I don't think that the last 20 years of hiring decisions should reflect the next 20 years of hiring decisions, for instance. Um Let me see. I say unstructured data will also provide insights that you would not normally see in quantitative data only. It's a combination that is needed to correctly build an algorithm that reduces bias. Yeah, I'm super curious on um how like I am like very familiar with how like the way we um you know, classify data, how we tag things like um bias can show up there. So, super curious on what um yeah, like how that could um reduce bias? Um I went to a great presentation about indigenous governance and Neuroscience in Canada. Uh They had great insights on how into they had great insights into their own governing bodies and how they interface with federal government entities. Um Yeah, I think that's actually a really good um Point Mary, uh A lot of, I think a lot of um let me collect my thoughts, a lot of this, like we haven't even talked about um the last question, which is what additional stakeholders and safeguards should be part of this design, like who is giving feedback, who has the autonomy to say, like we don't want this dictating this part of our lives.

Um And also going back to the point about bias testing, you know, I talked about regulators mostly but um should these uh you know, should this information about bias be made available to the public? So they can decide if they want um they want these algorithms in their communities, right? So how the communities are integrated, how much autonomy they have in making these decisions? Um Yeah. Oh And back to Eileen. Um again, I'm just reading these out for folks who are um maybe don't have the chat open, which is totally fine uh using N LP and categorizing phrases and survey data for instance. Yeah, that's a really good point. I know that um especially how language um like how folks like end up, like how folks talk, for example, maybe in immigrant communities uh N LP can, if you like, aren't careful, can structure data um and invalidate some responses. So making sure that um just making sure like what insights are there and then also when we classify and clean up and like post process, what can show up there. So, yeah, I see. Do you believe citizens commissions might be an opportunity to educate um and provide solutions? Um I'm not sure what you mean by citizen commissions, but um I am always down for educating uh more and sourcing potential solutions. Yeah.

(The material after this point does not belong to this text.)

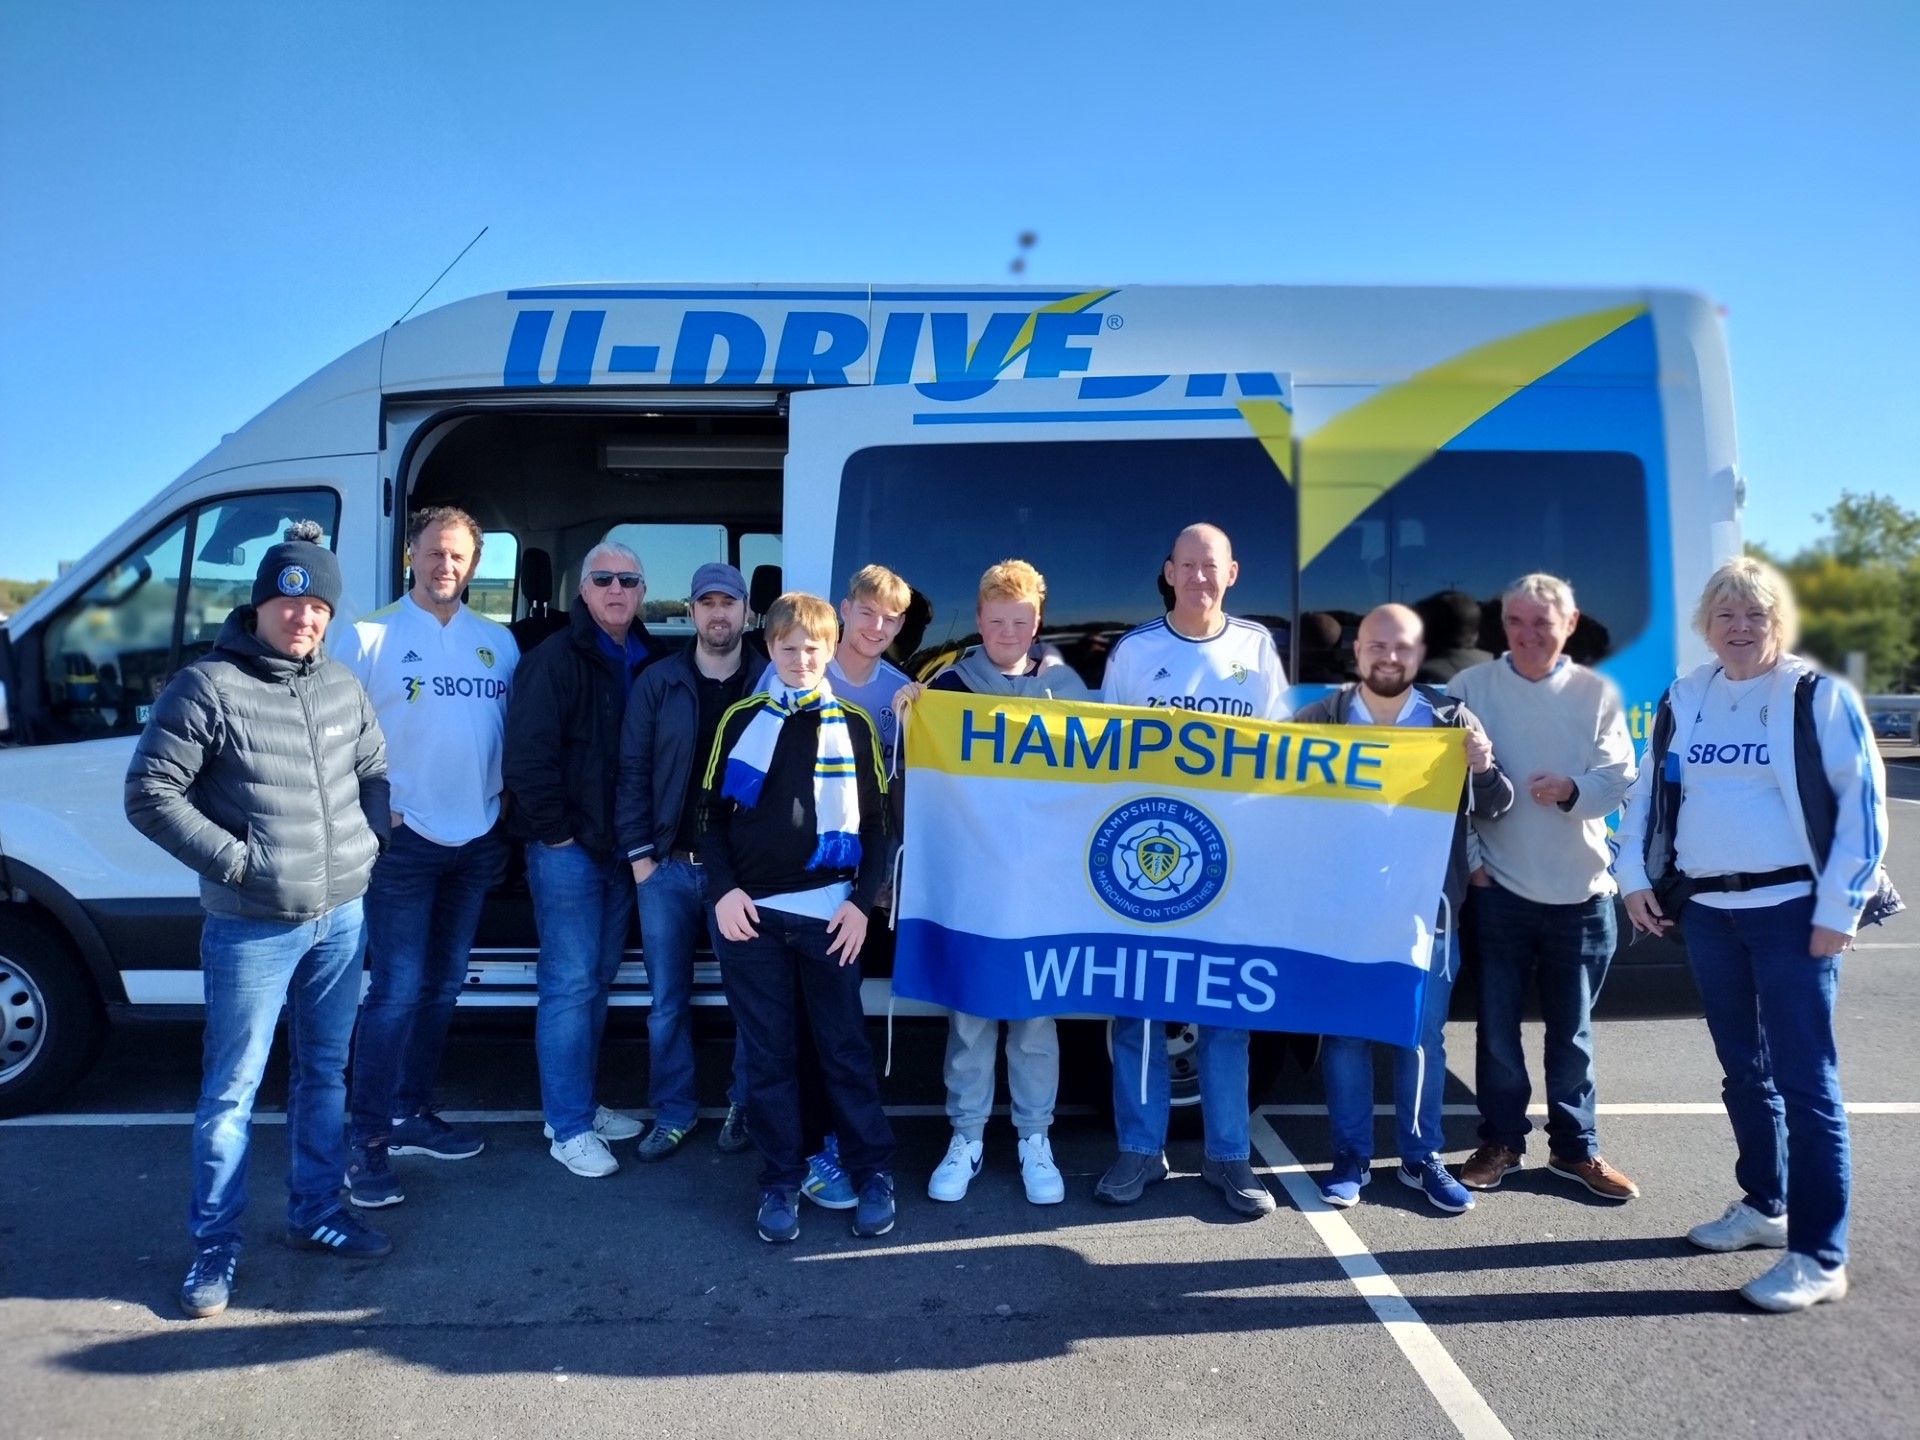 Hampshire Whites gather outside bus on route to Elland Road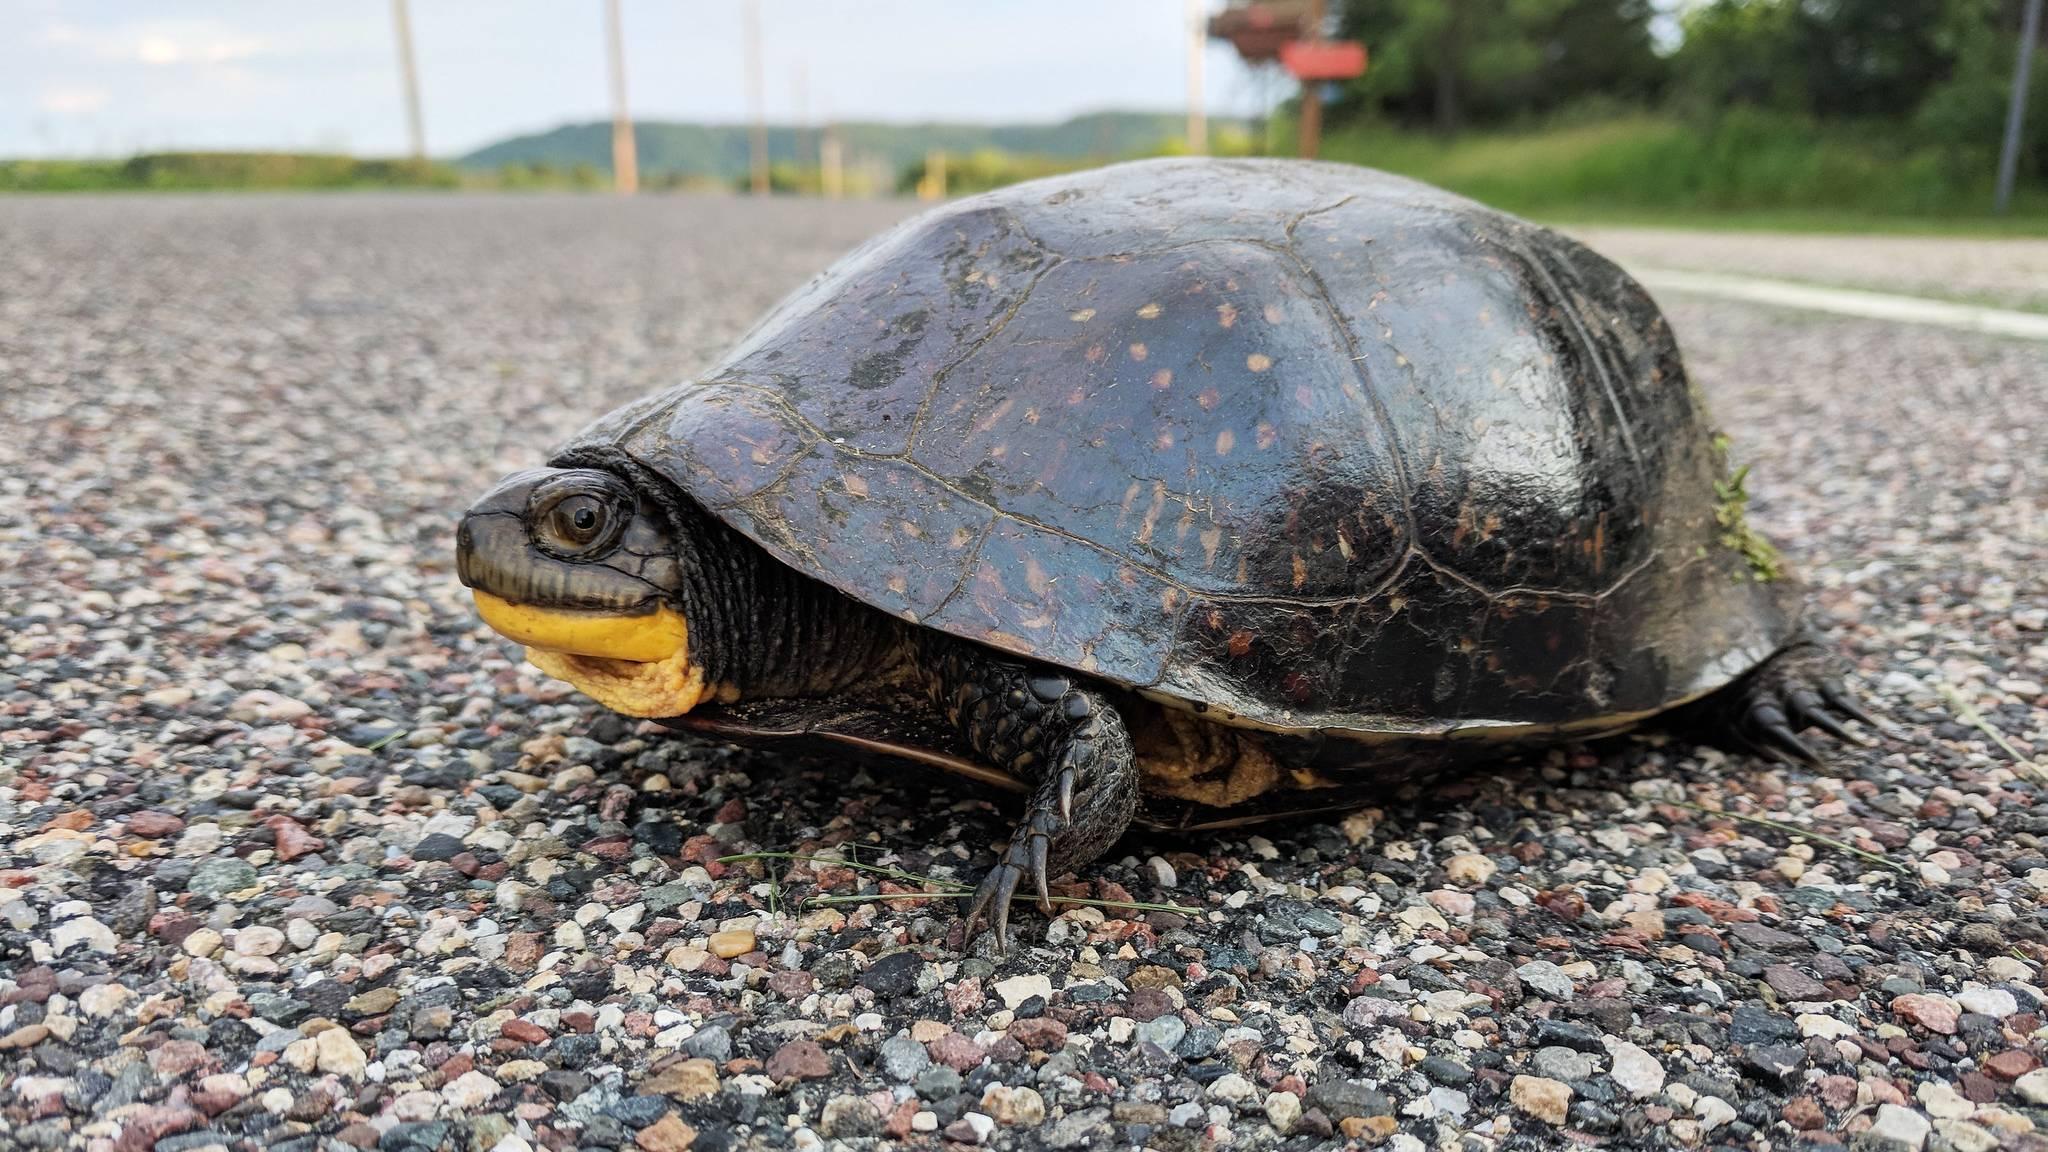 Endangered Blanding's turtles are among the native species on the move this time of year. (USFWS Midwest Region / Courtney Celley / Flickr Creative Commons)

Um Yeah, I think um I'm not sure about the moderation, but I think we're just at time, I'm seeing a lot of other comments like, thank you so much for chiming in. Again. These are really reflection questions that we're all thinking about and learning from. So um if you're looking for more resources to learn about this, happy to uh happy to connect, happy to send you some of the examples from these articles that we lifted and some of the research papers that we pulled our knowledge from so very much appreciative of all of you coming to join and listen in on this.

So, yeah, thank you. Thank you so much again. Um And I'm seeing again, I'm seeing a lot of like knowledge in the chat as well. So if you want to drop your linkedin, your email, whatever works for you to connect with other folks on here. Um Would that would be amazing. So, thanks so much again. Um And I think I'm going to close out or check in with our moderator, but I'll drop my information one more time in the chat for anyone who wants to say hi.